CapEx for Uniti Towers is expected to be $40 million to $45 million, including approximately $20 million for ground lease investments this year with the balance towards tower development. Our Consumer CLEC segment is expected to report revenues this year of about $18 million with adjusted EBITDA of about $4 million or 22% adjusted EBITDA margins.

Moving to corporate items. We expect interest expense this year to be approximately $306 million, including $23 million related to the amortization of debt, discount and financing cost amortization.

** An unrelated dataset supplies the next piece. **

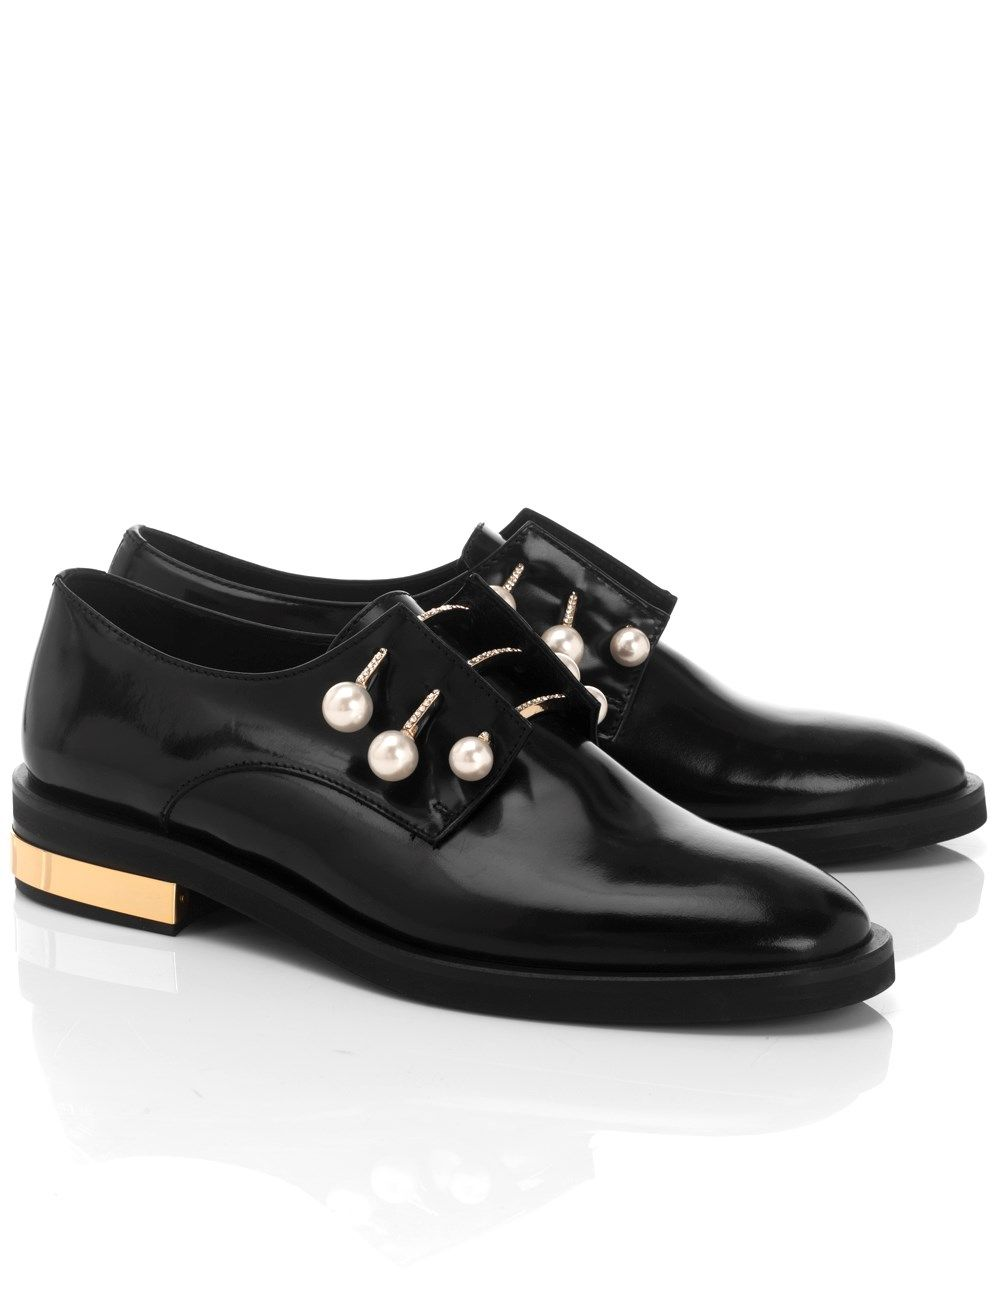 Slip on Sneakers for Women On Sale, Gunmetal, Patent Leather, 2017, 6 Coliac di Martina Grasselli

Corporate G&A expense should be approximately $28 million, including $6 million of corporate stock-based compensation.

Our guidance also includes $2 million of cash taxes related to Uniti Fiber, which should be sheltered in the future by existing NOLs when we complete a reorganization of our TRS entities later this year or early next.

We expect weighted average common shares outstanding for the fourth quarter to be approximately 175 million and weighted average common shares outstanding for the full year 2017 to be approximately 169 million. Accordingly, we expect full year reported AFFO to range between $2.49 and $2.52 per diluted common share with a midpoint of $2.51.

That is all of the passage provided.